While this complicated organizational hierarchy may prompt the typical American aversion to bureaucracy, there are two important aspects of this structure that should be noted. First, although the budgetary and policy decision are concentrated at the national level, the structure emphasizes implementation at the local level. American political discourse surrounding disaster management frequently pits the idea of autonomous localities against powerful big government when the solution, as Bangladesh demonstrates, is a compromise between both.
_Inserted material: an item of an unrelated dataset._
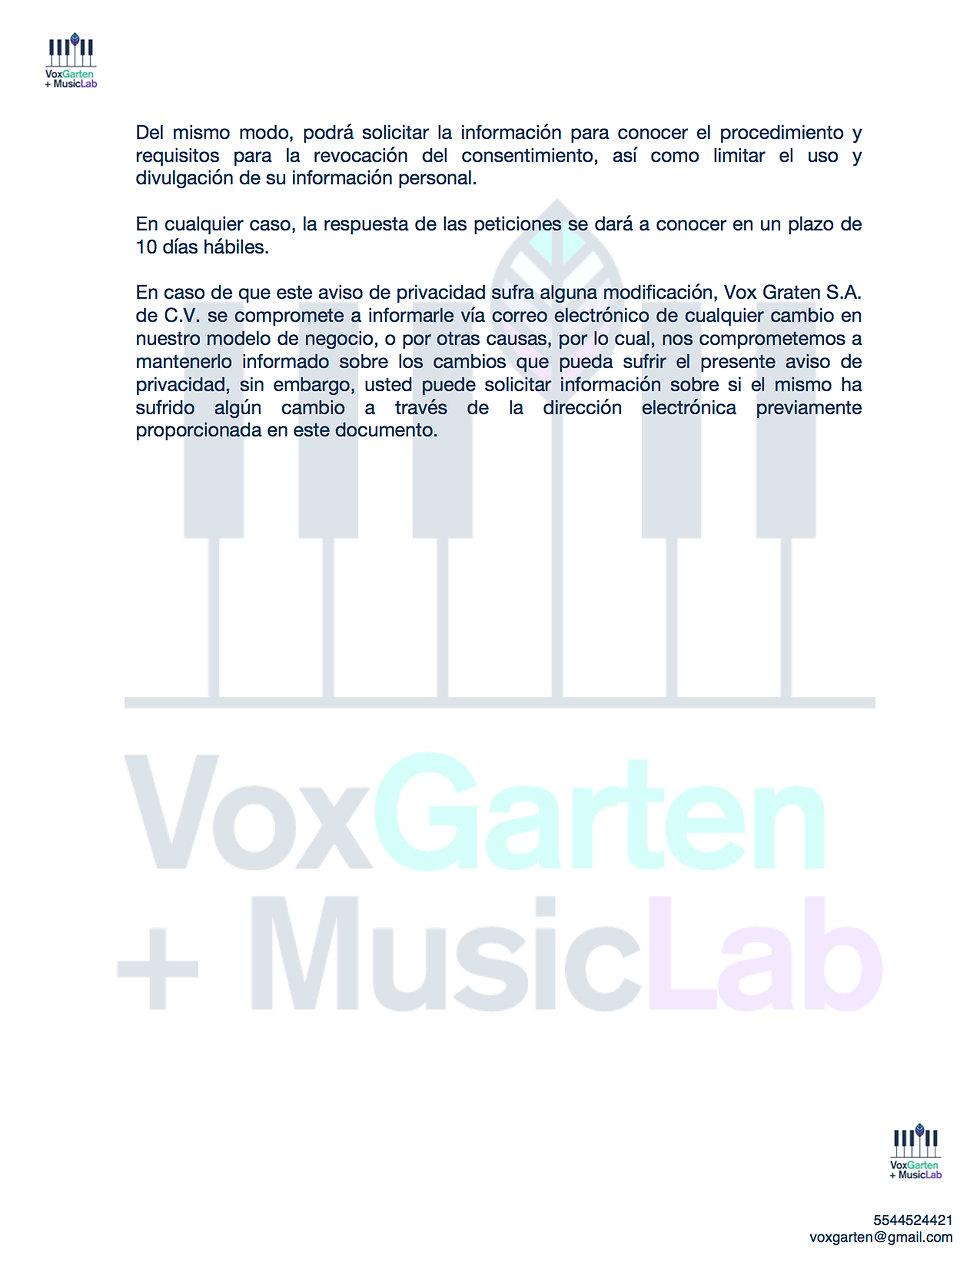 AVISO DE PRIVACIDAD VG+ML3.jpg

Second, the NDMRF, which helps mainstream relationships between various levels of government, the private sector, and NGOs intentionally parallels Bangladesh’s framework for poverty alleviation. The government’s safety-net programs and economic empowerment efforts thus compliment bureaucratic structures for disaster management and allows resilience to be developed on economic, social, and political fronts simultaneously. For example, cyclone shelters in Bangladesh typically consist of primary schools built on raised ground, making it a monetary concern for both the Ministry of Disaster Management and Relief and the Ministry of Education. Building new shelters and strengthening existing ones requires cross-sectional cooperation to optimize expenditures, killing two birds with one stone.
The scientific, economic, and moral arguments for bolstering disaster preparedness are clear. If voters continue to let shortsightedness rule over long-lasting disaster policy, we are simply waiting for the perfect storm.